TASK TO COMPLETE: Write out nothing but the lines from the one containing "Pudră de extract de Cordyceps" through the last line below, both included, and without the pictures.

DATA SEGMENT:
========================================================================

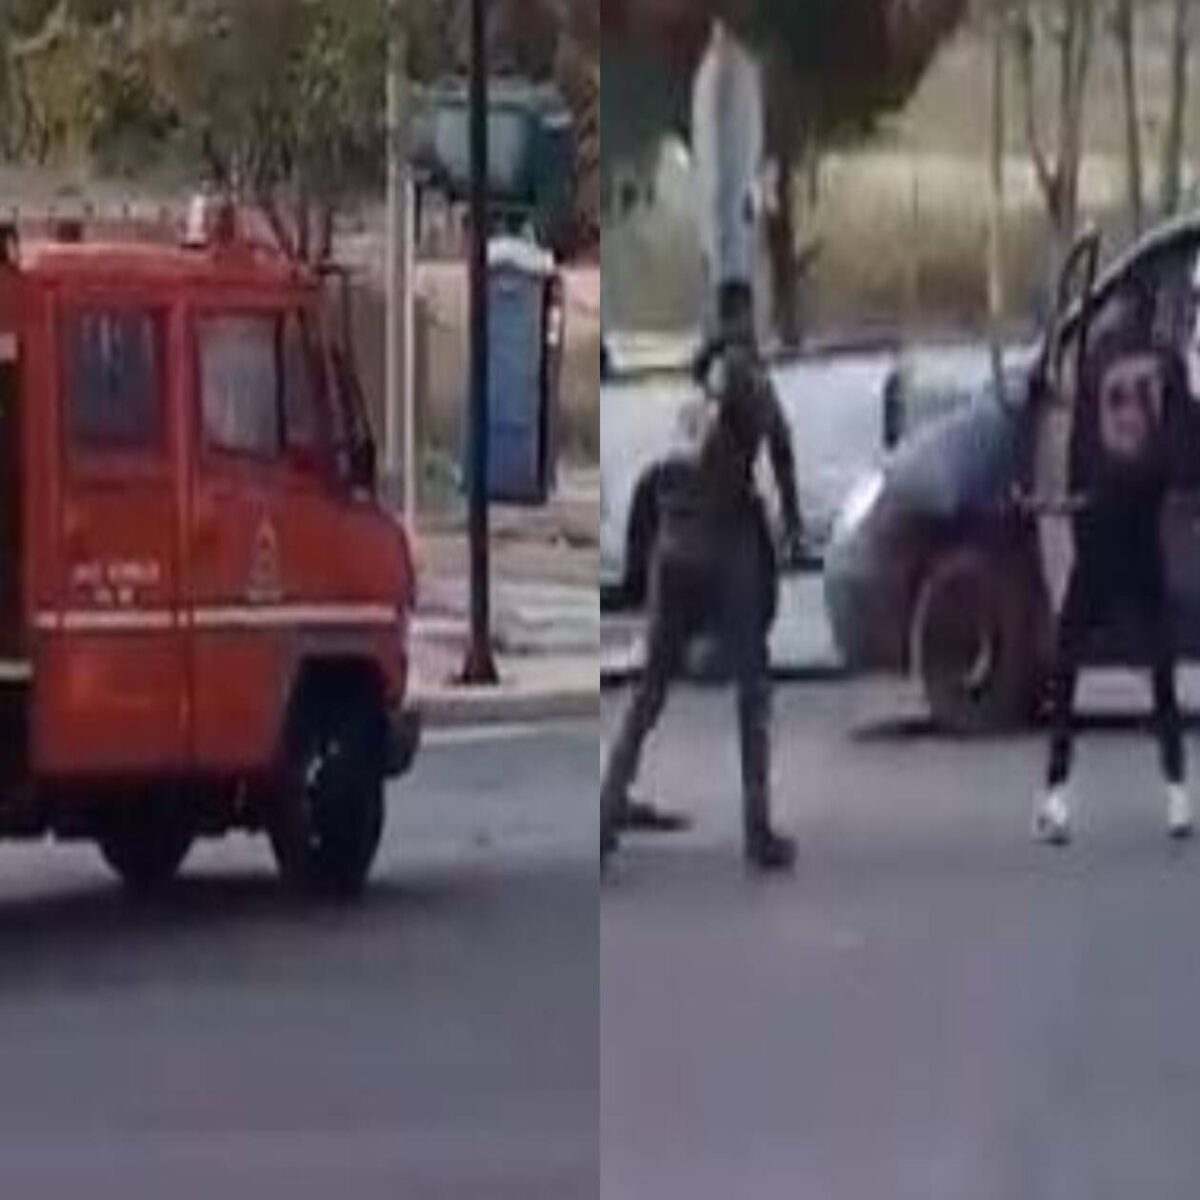 Η στιγμή της επίθεσης Ρομά σε πυροσβεστικό όχημα – Τραυματίζουν πυροσβέστη και τον κλέβουν
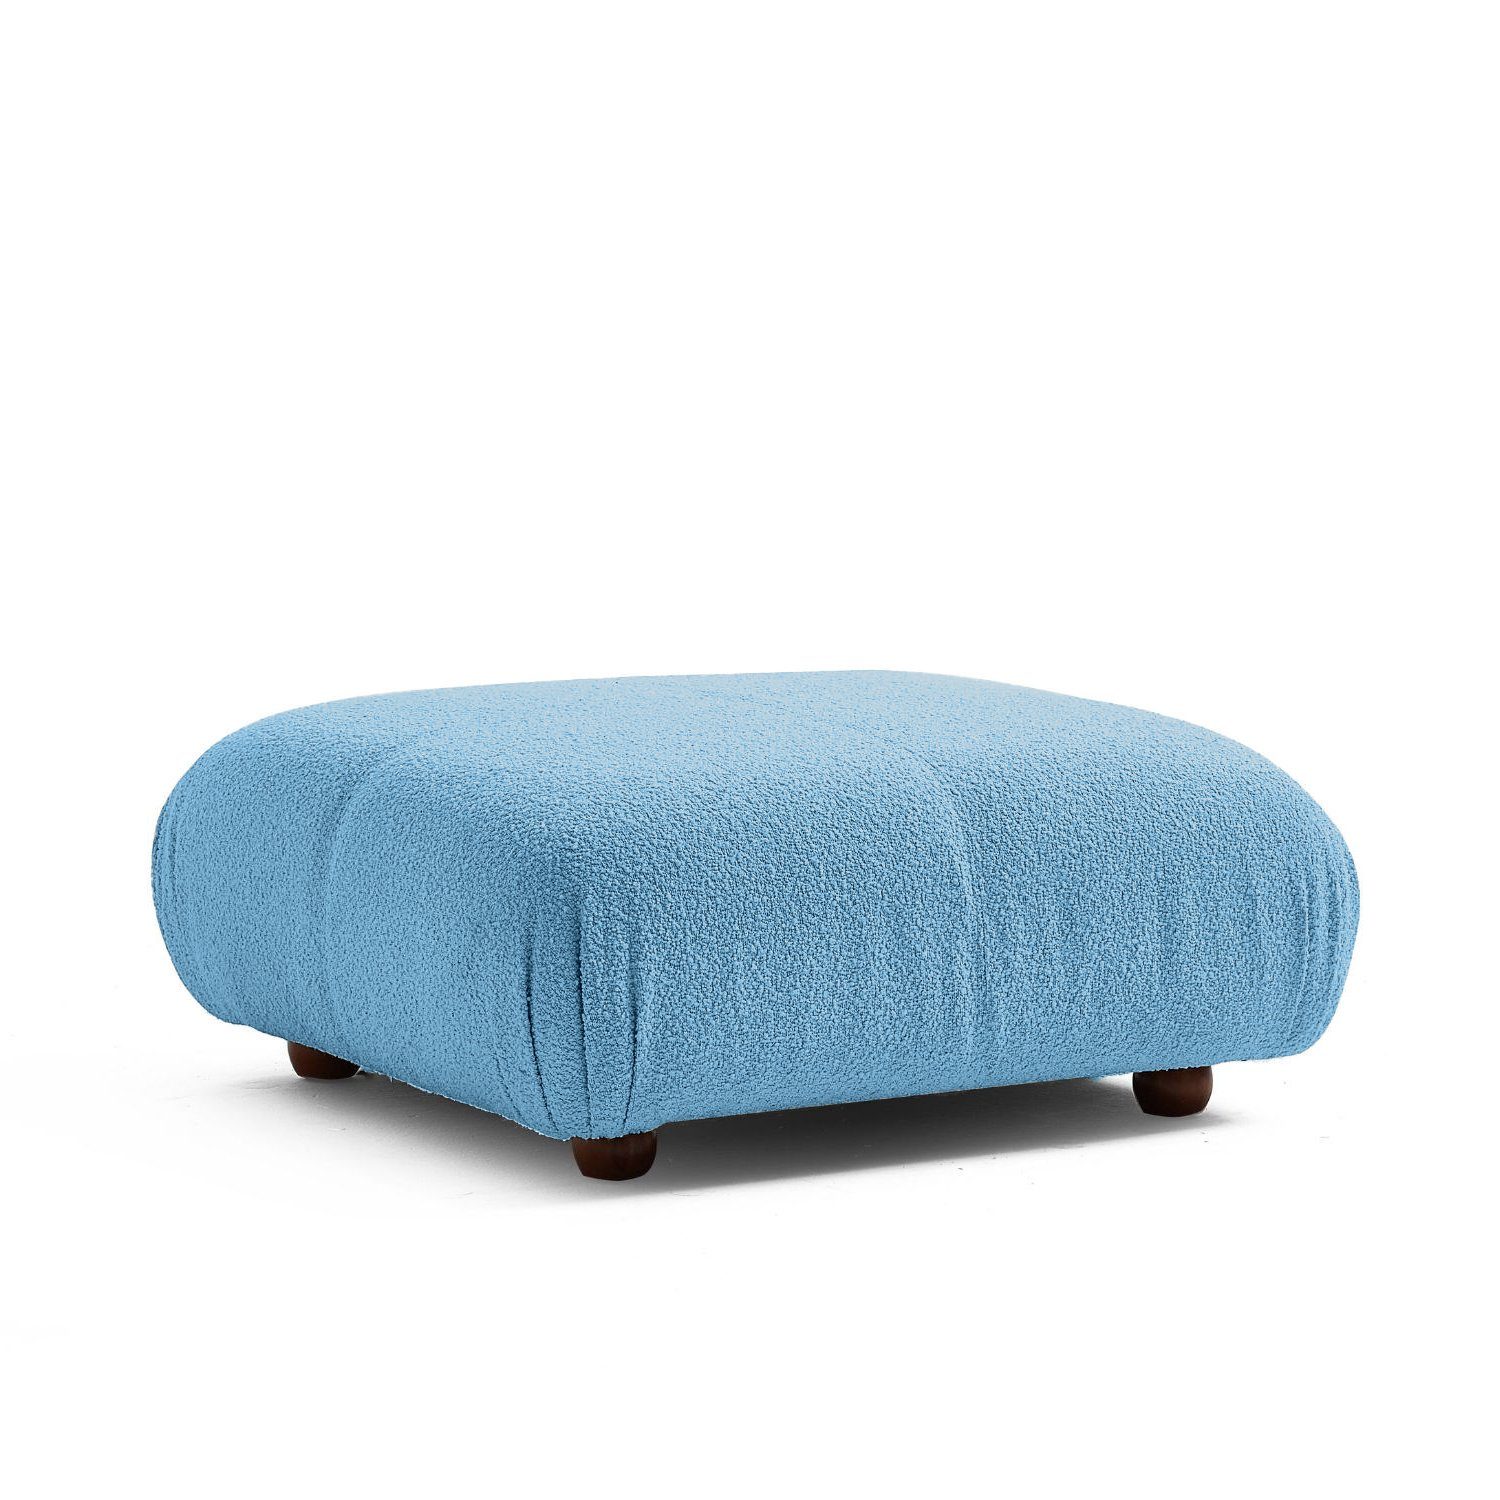 Knuffiges enthalten! Blau-Lieferung neueste Touch aus Preis und Generation Komfortschaum im Sofa me Aufbau Sitzmöbel
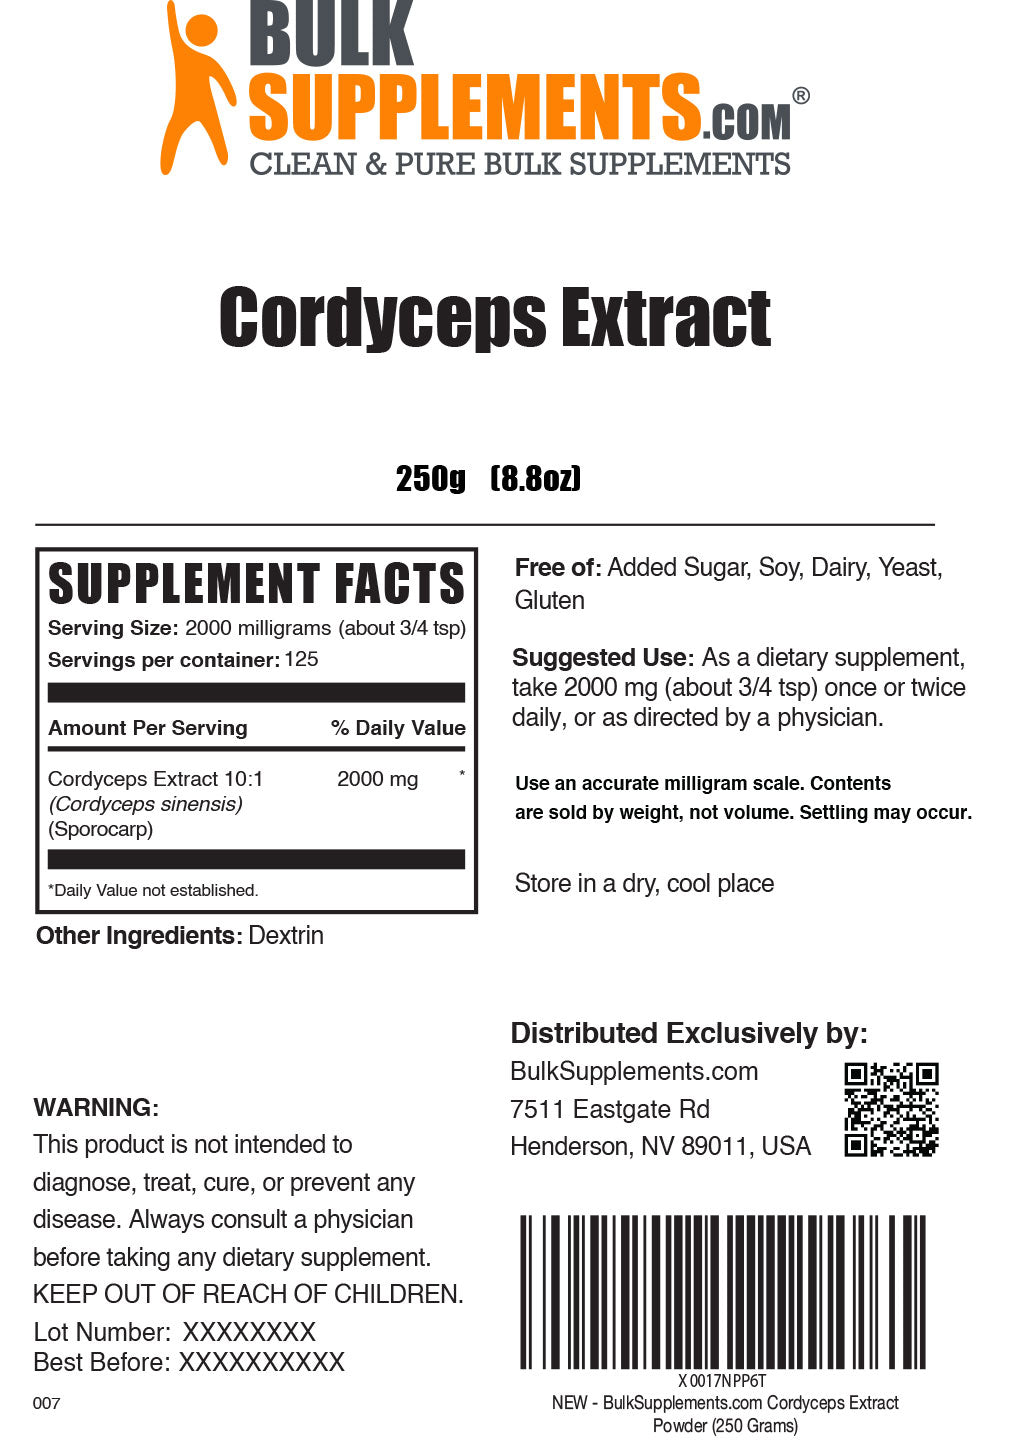 Pudră de extract de Cordyceps
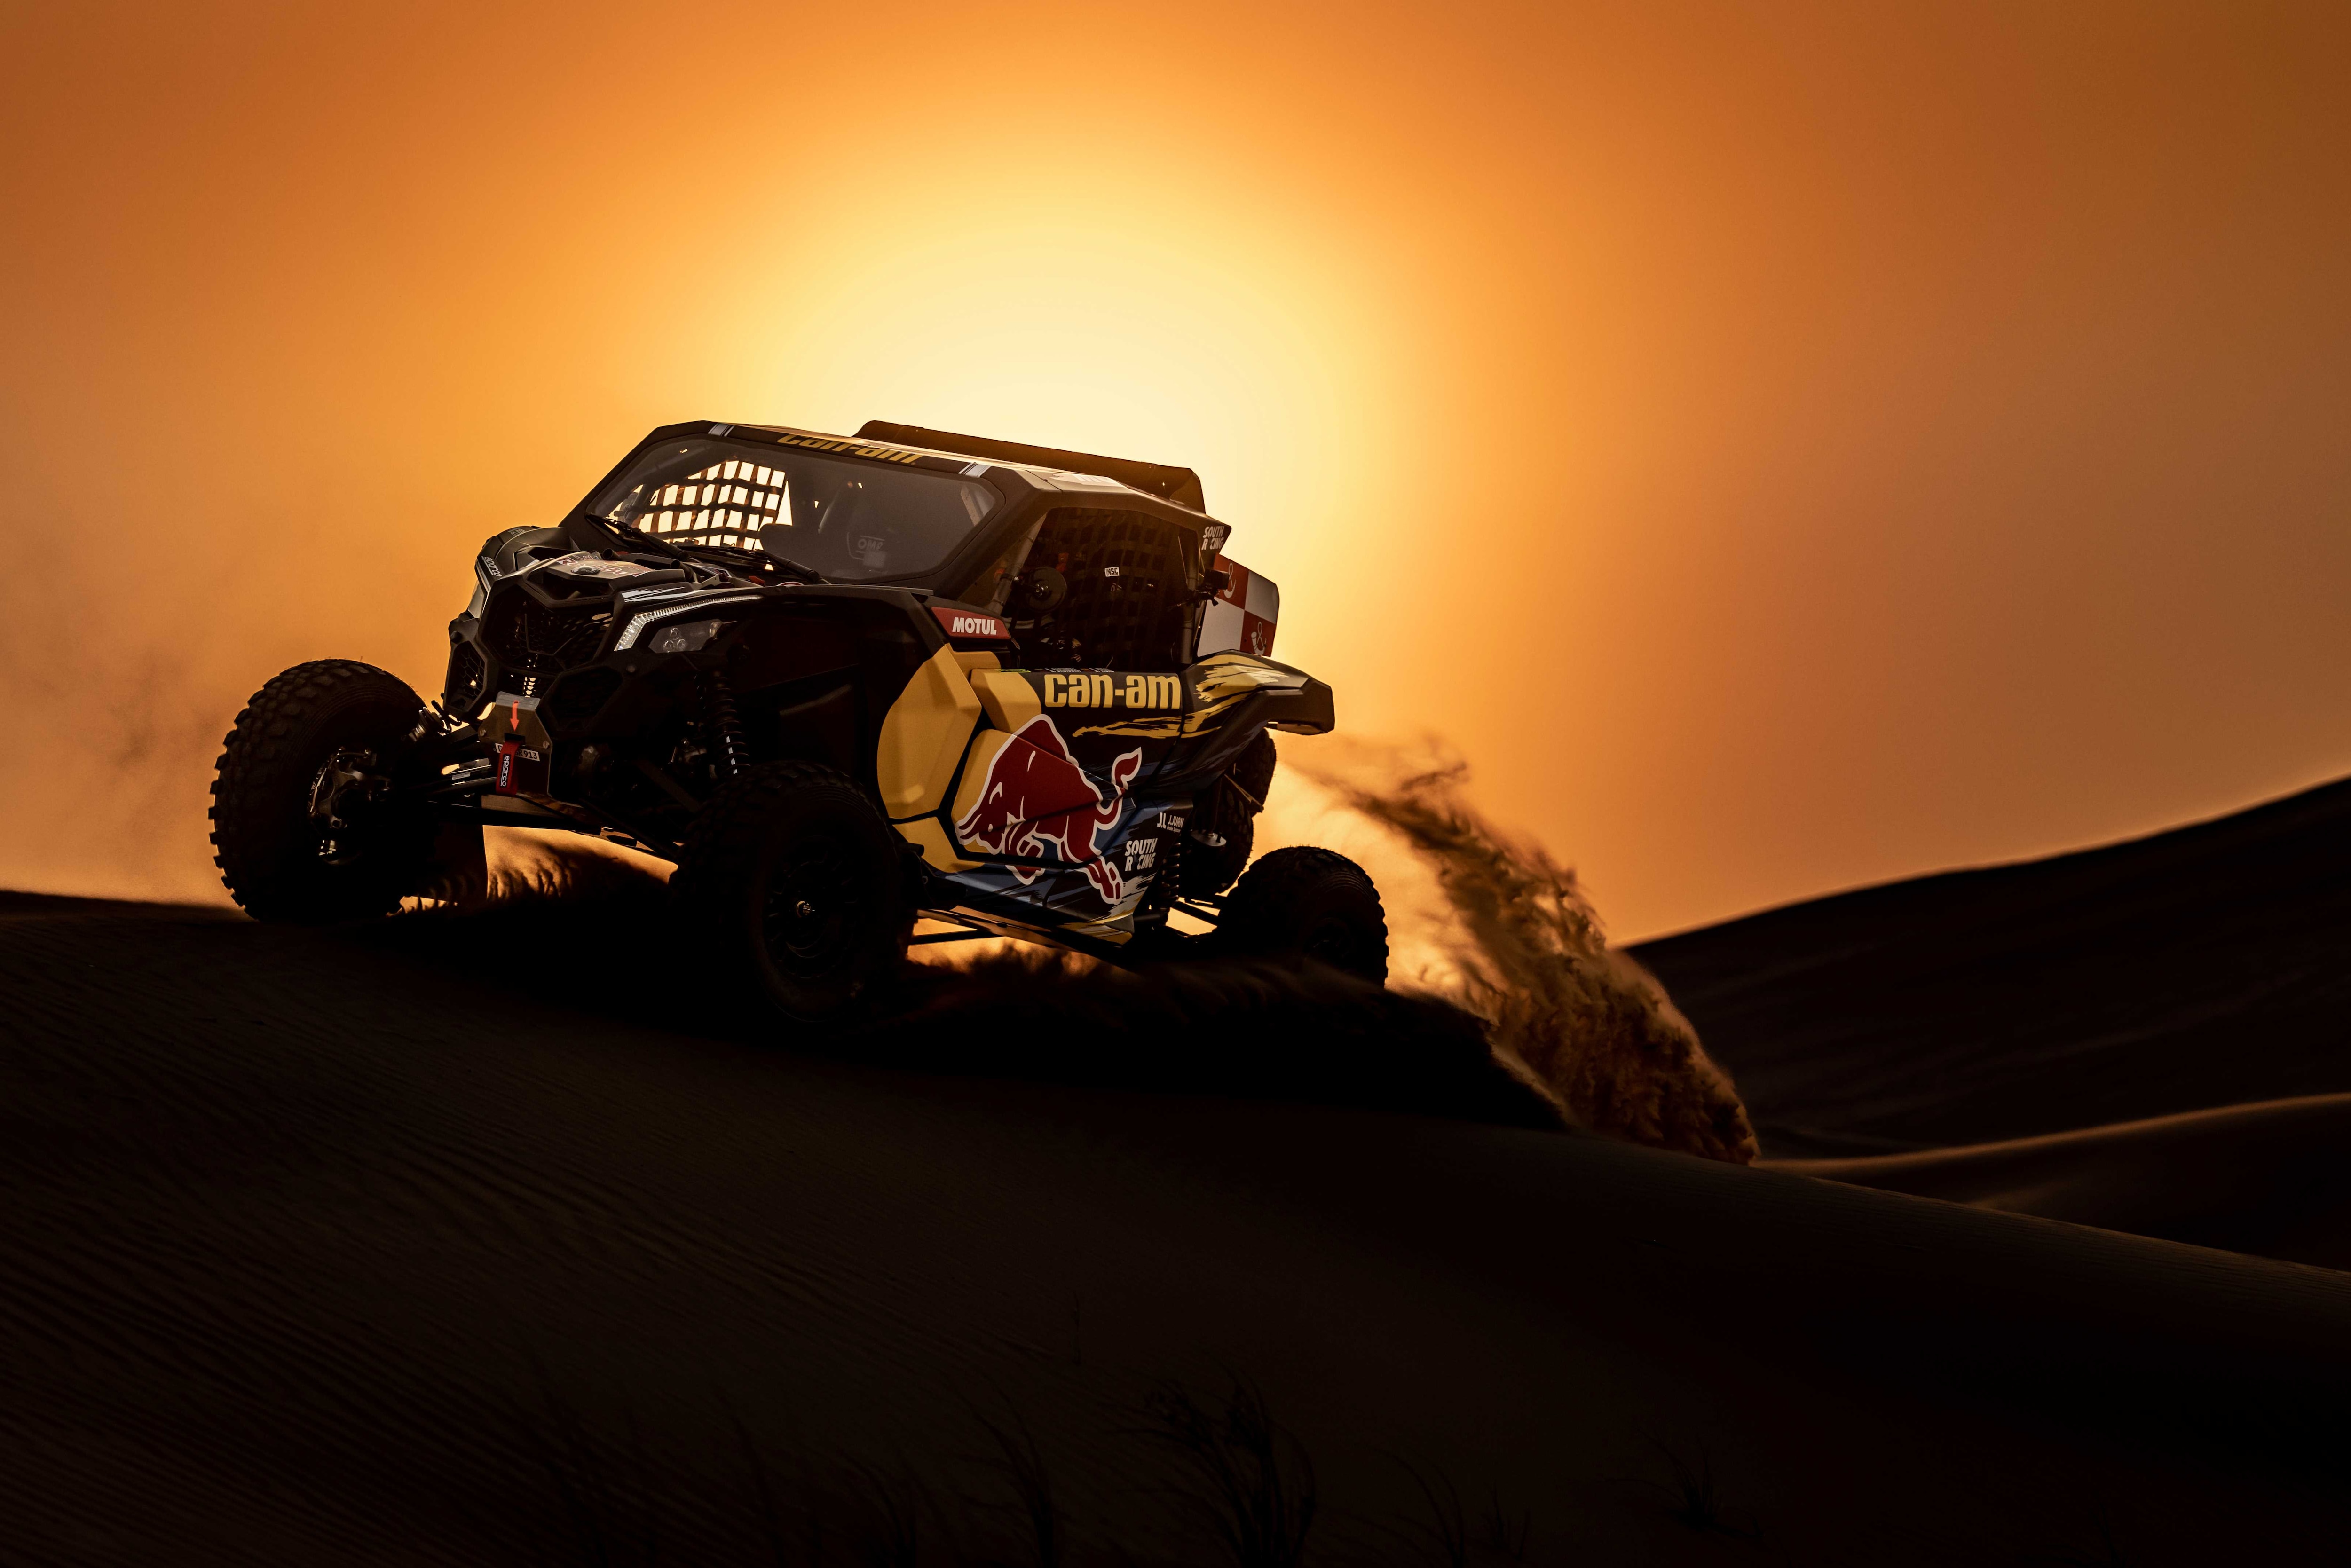 Imagem impressionante do Maverick X3 no deserto ao anoitecer

========================================================================

ANSWER BOX:
 Pudră de extract de Cordyceps
 Imagem impressionante do Maverick X3 no deserto ao anoitecer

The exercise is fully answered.